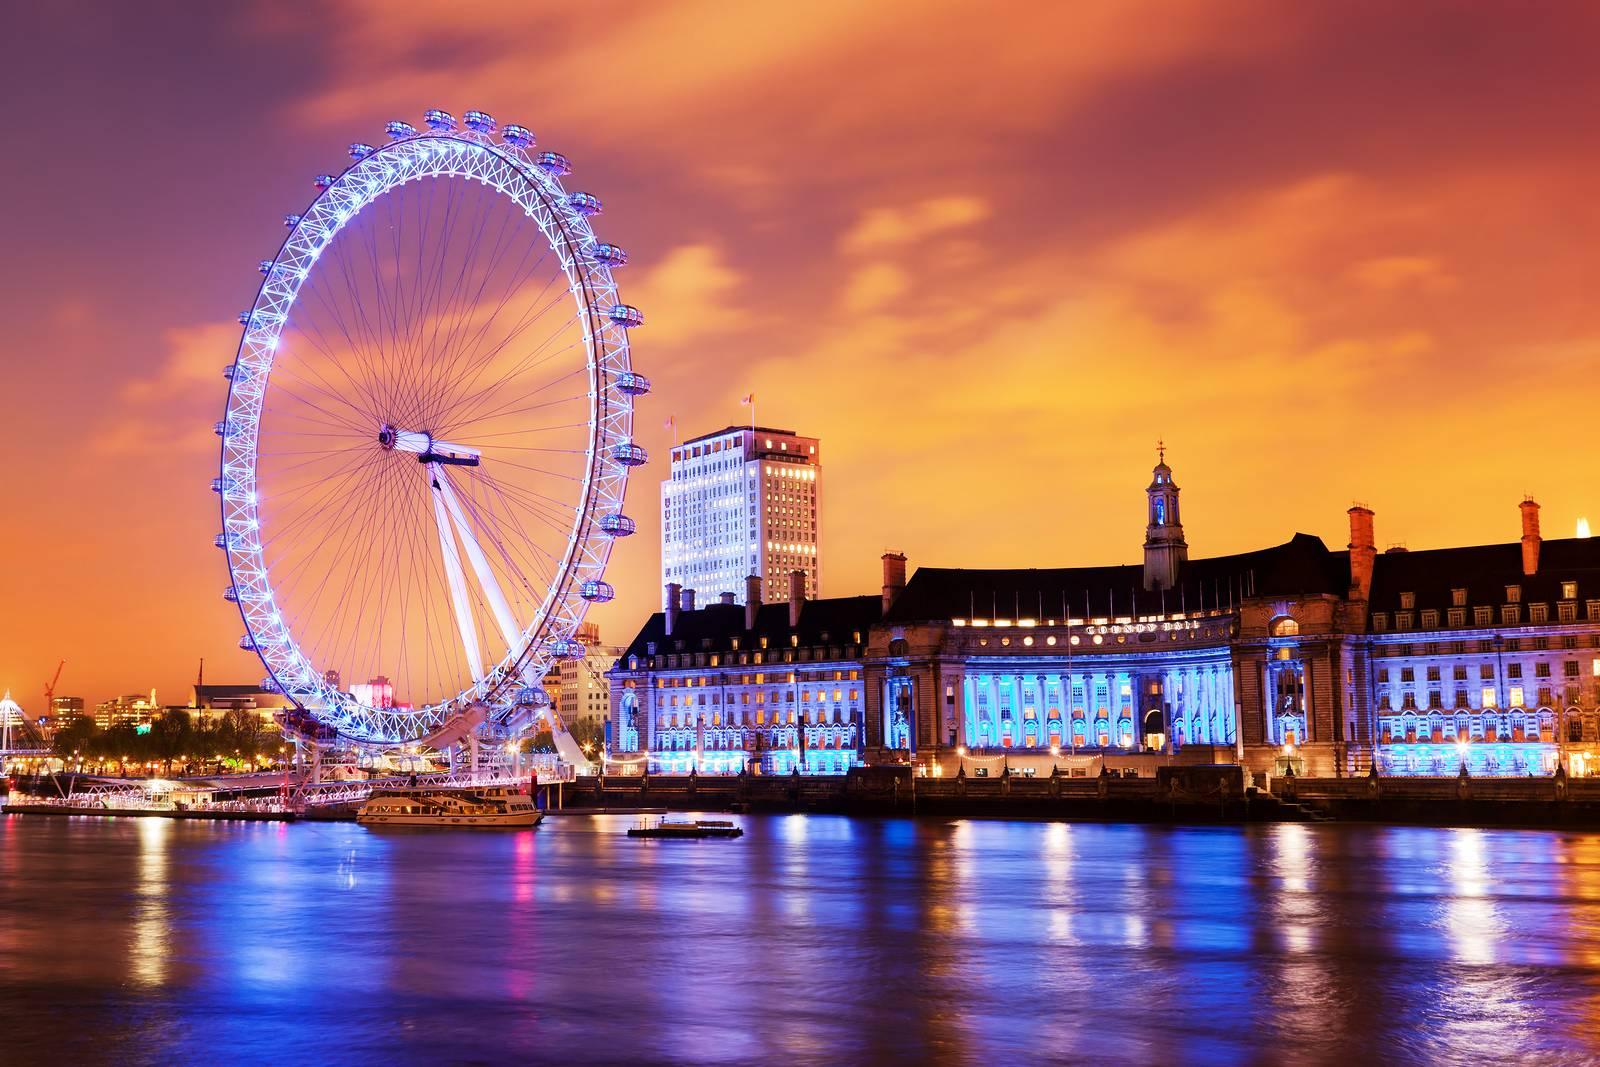 Bild des London Eyes
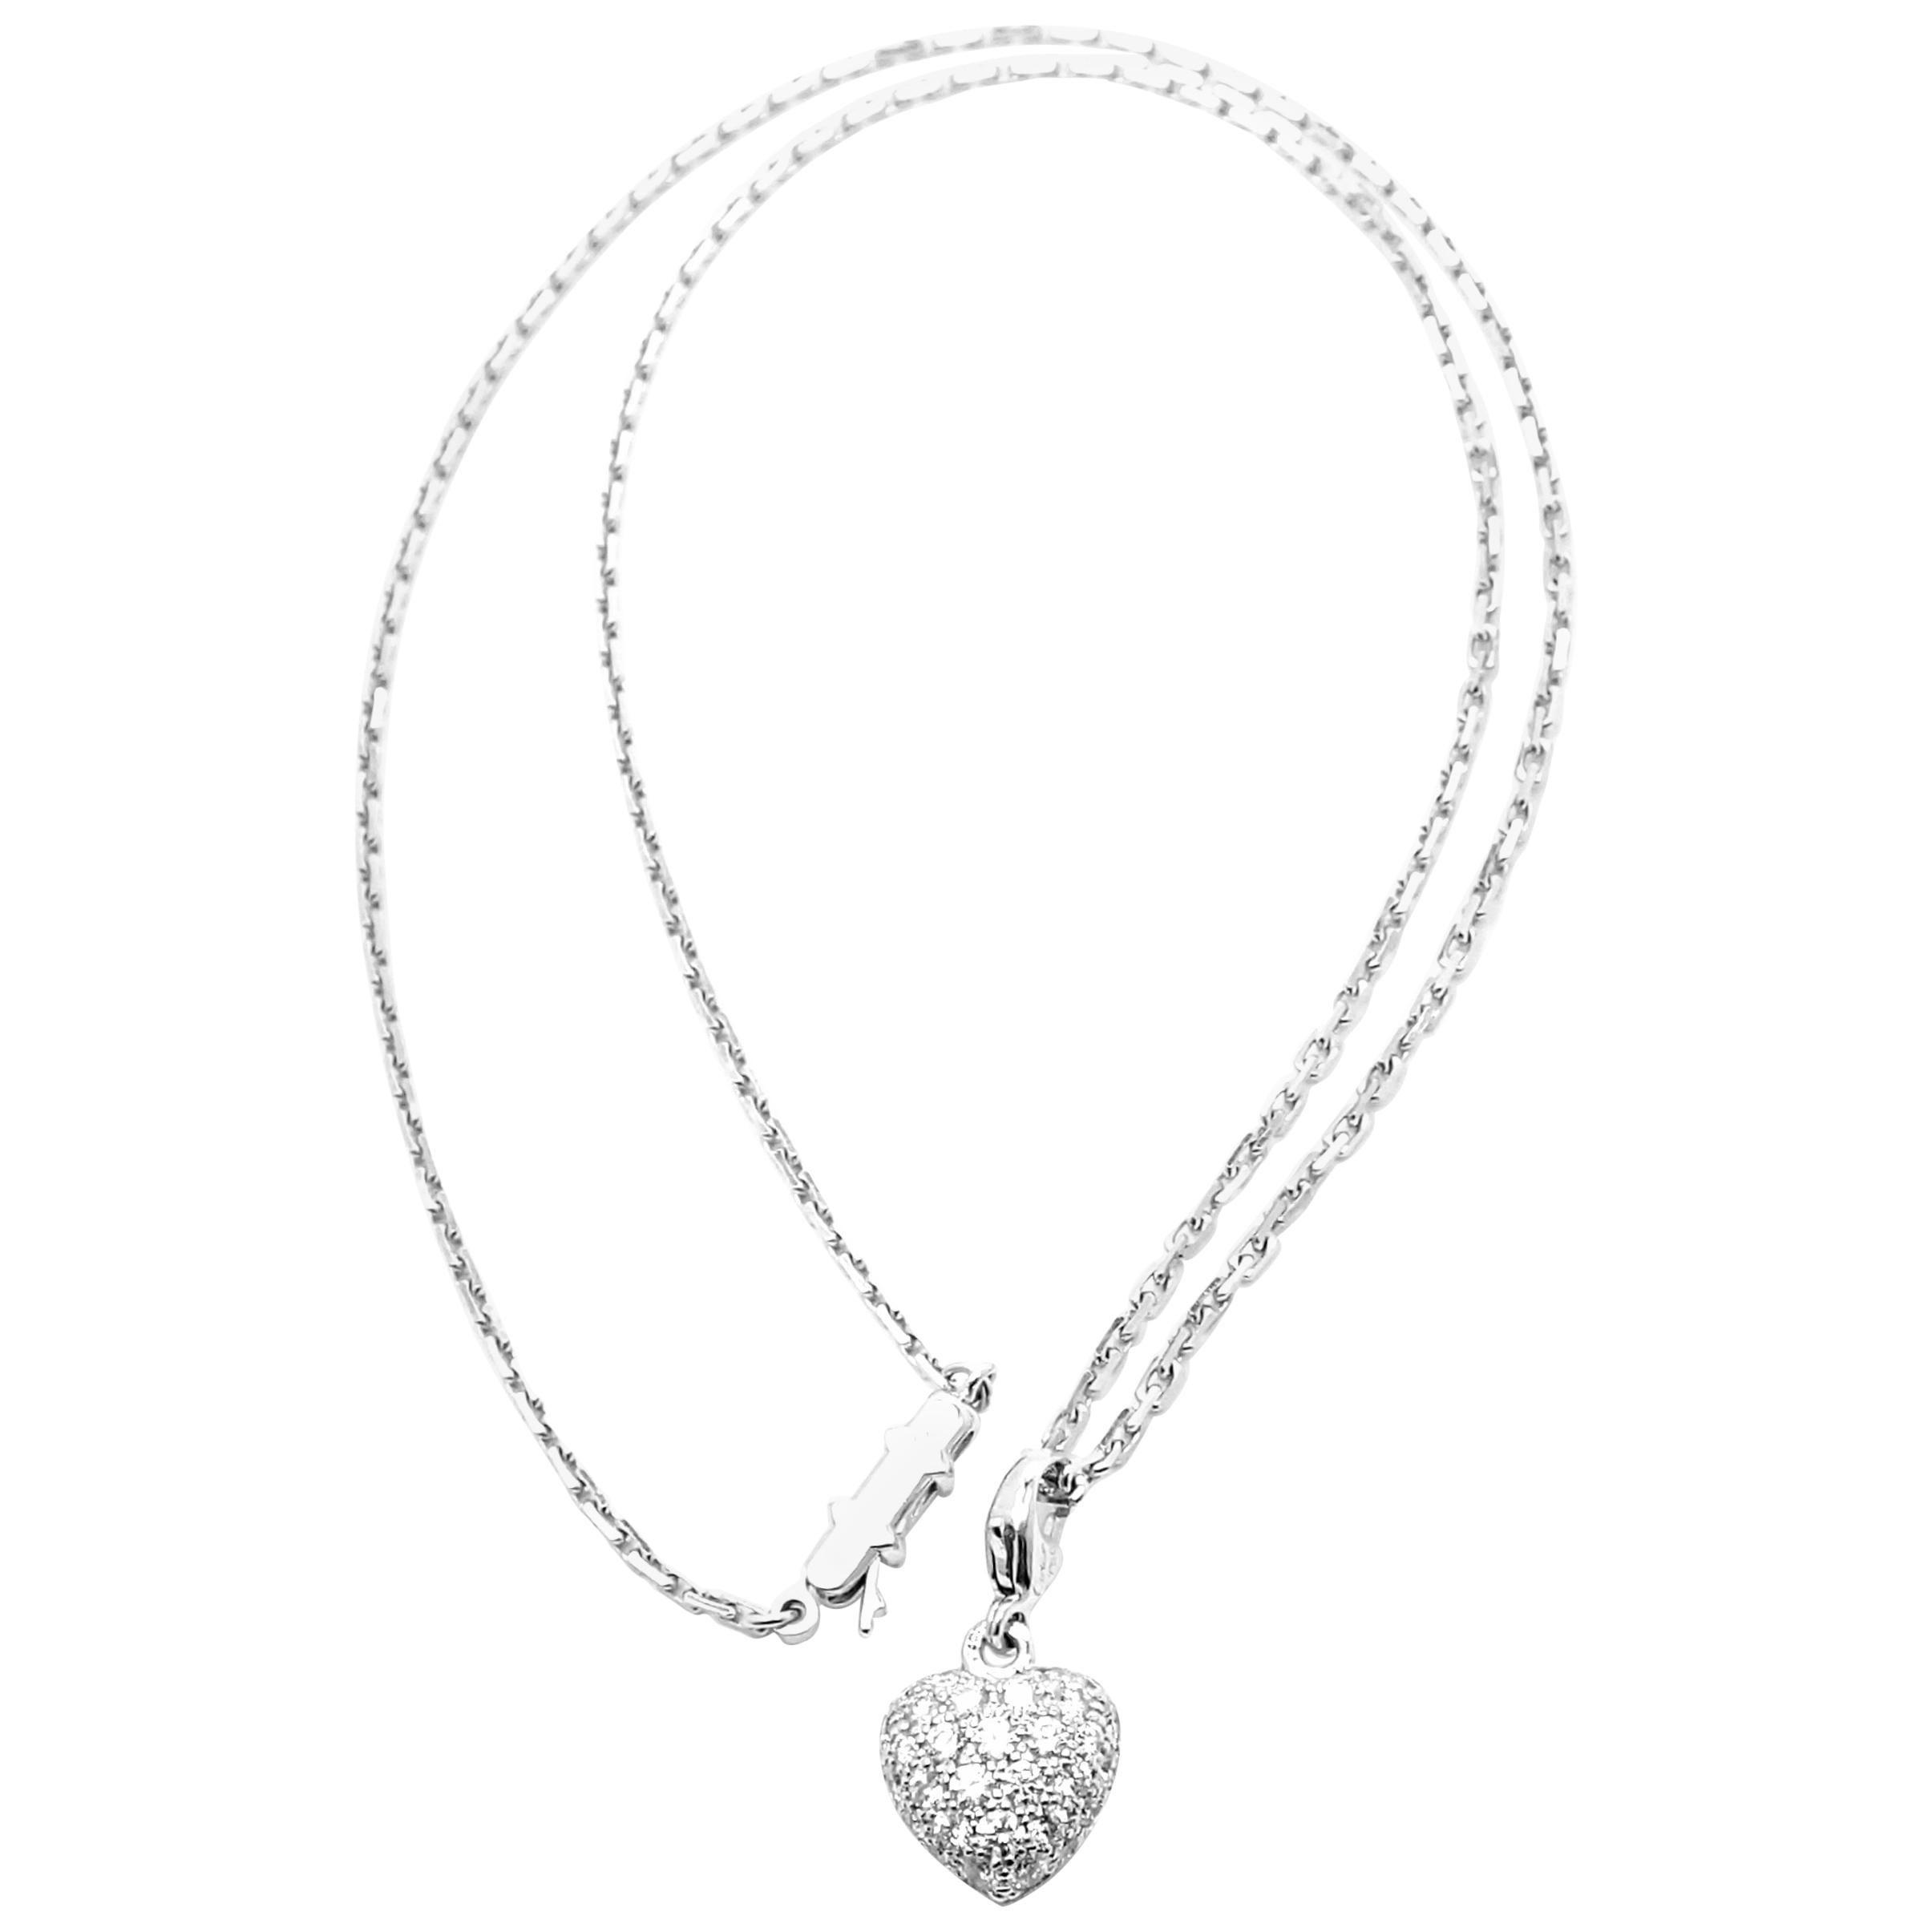 Cartier Diamond Pave Heart White Gold Pendant Necklace
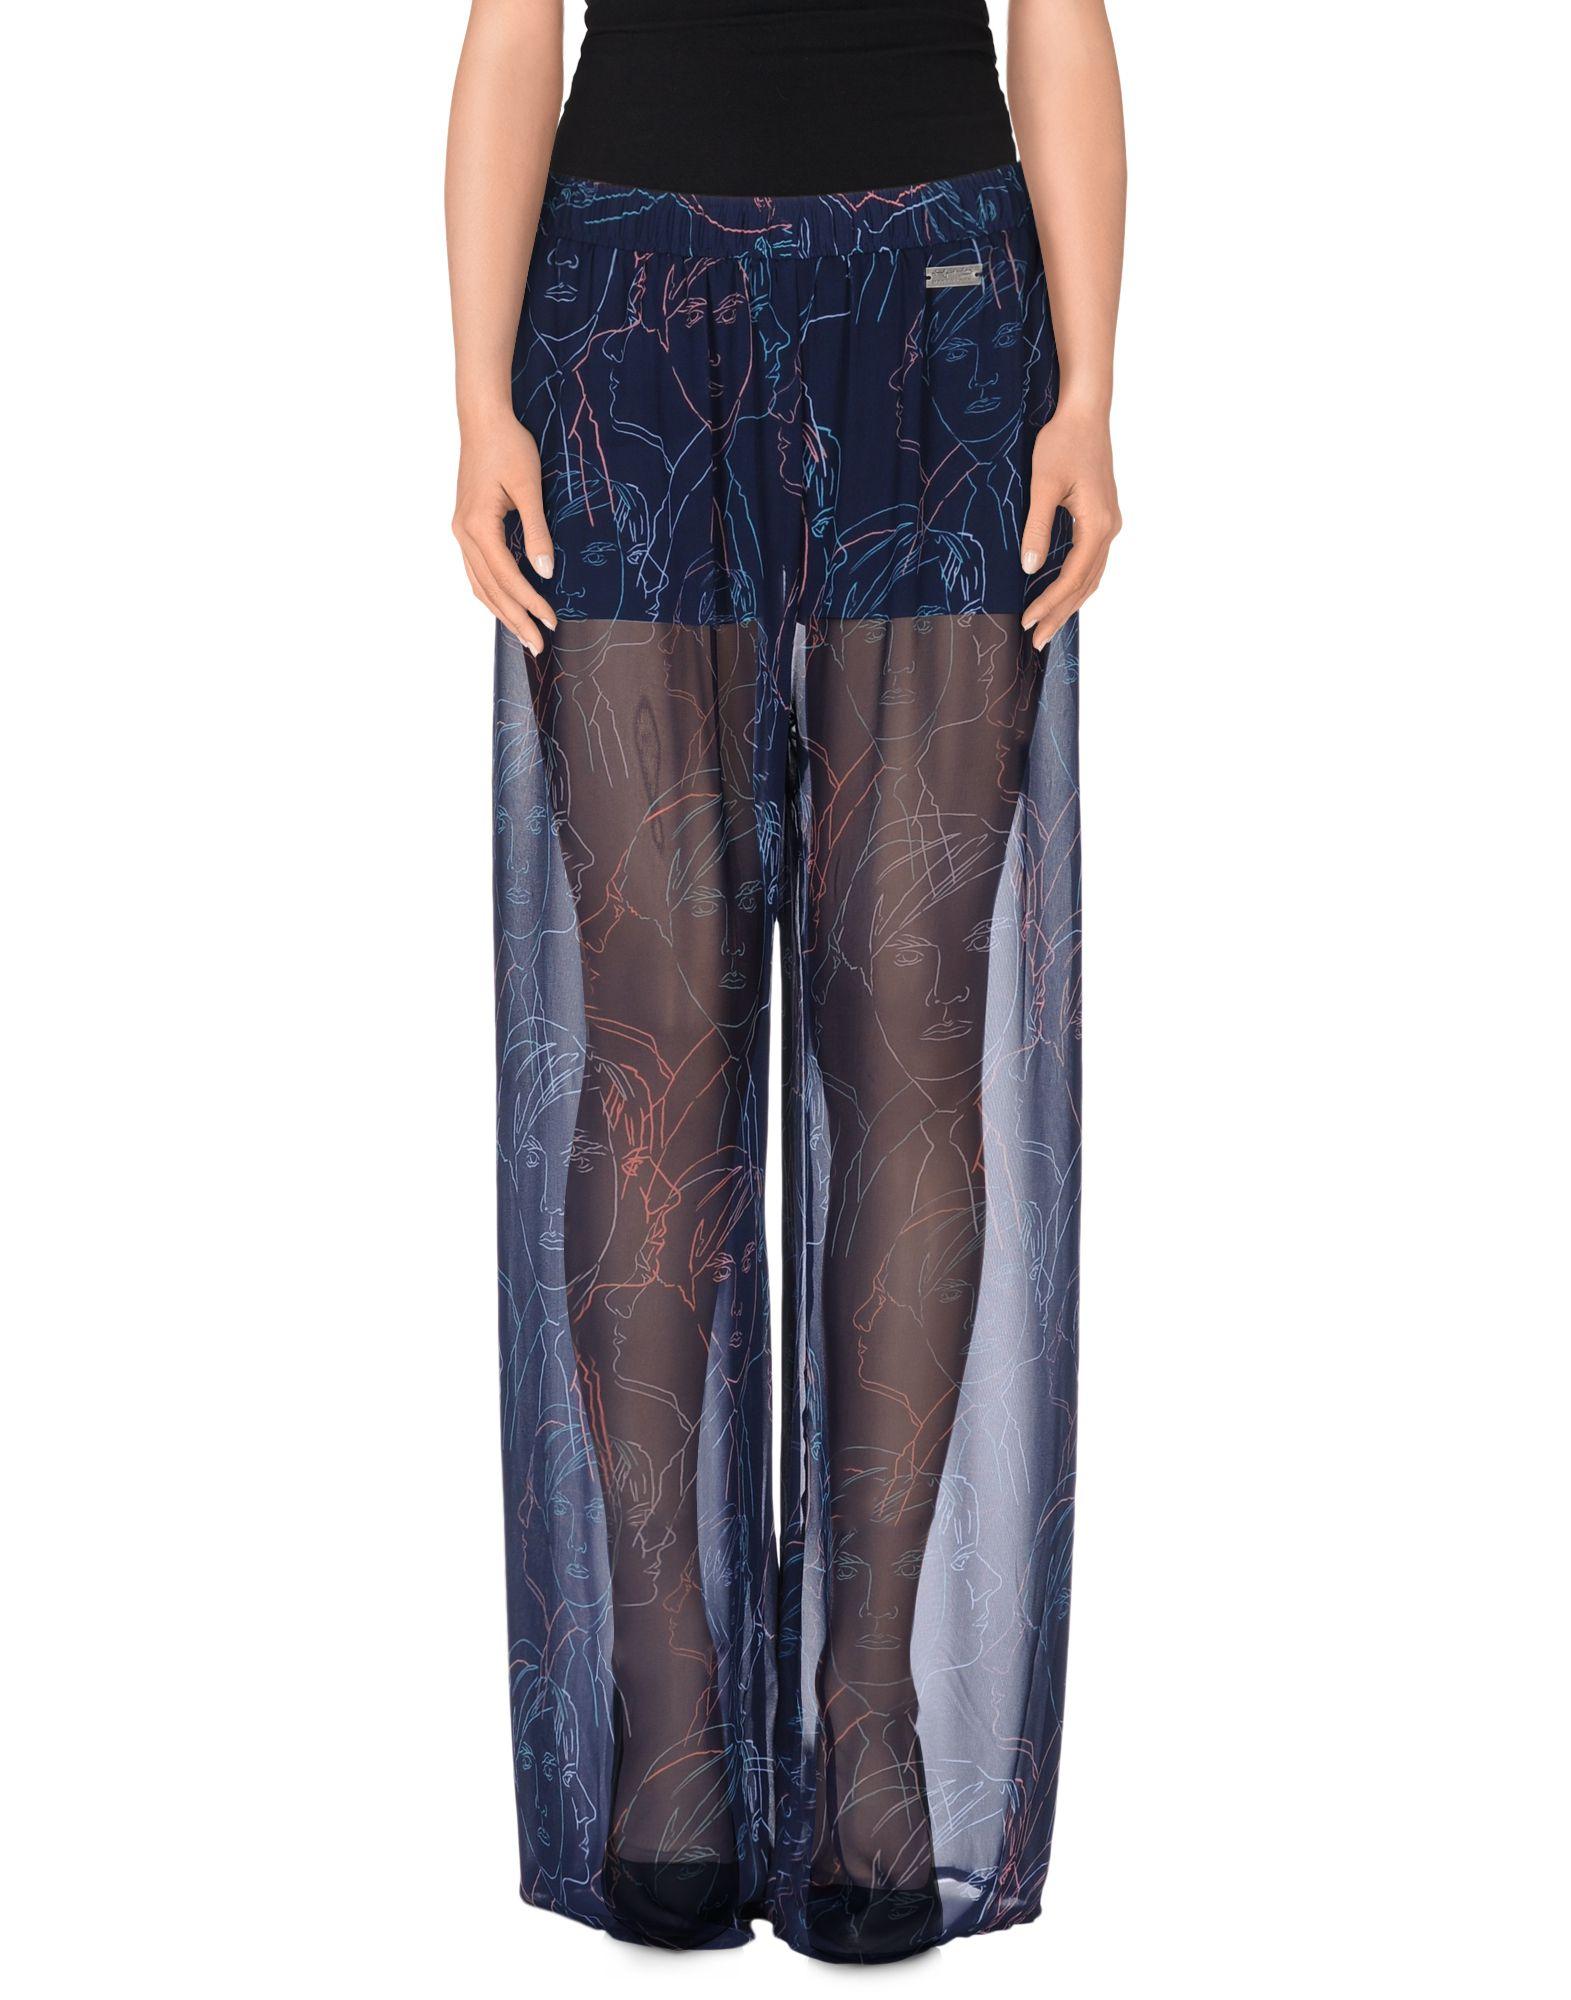 ANDY WARHOL by PEPE JEANS Повседневные брюки цены онлайн

_ _ _ _

Task goal
Only the pictures are to be dropped; return everything else in the listing exactly.

Answer
 Bild des London Eyes
 Cartier Diamond Pave Heart White Gold Pendant Necklace
 ANDY WARHOL by PEPE JEANS Повседневные брюки цены онлайн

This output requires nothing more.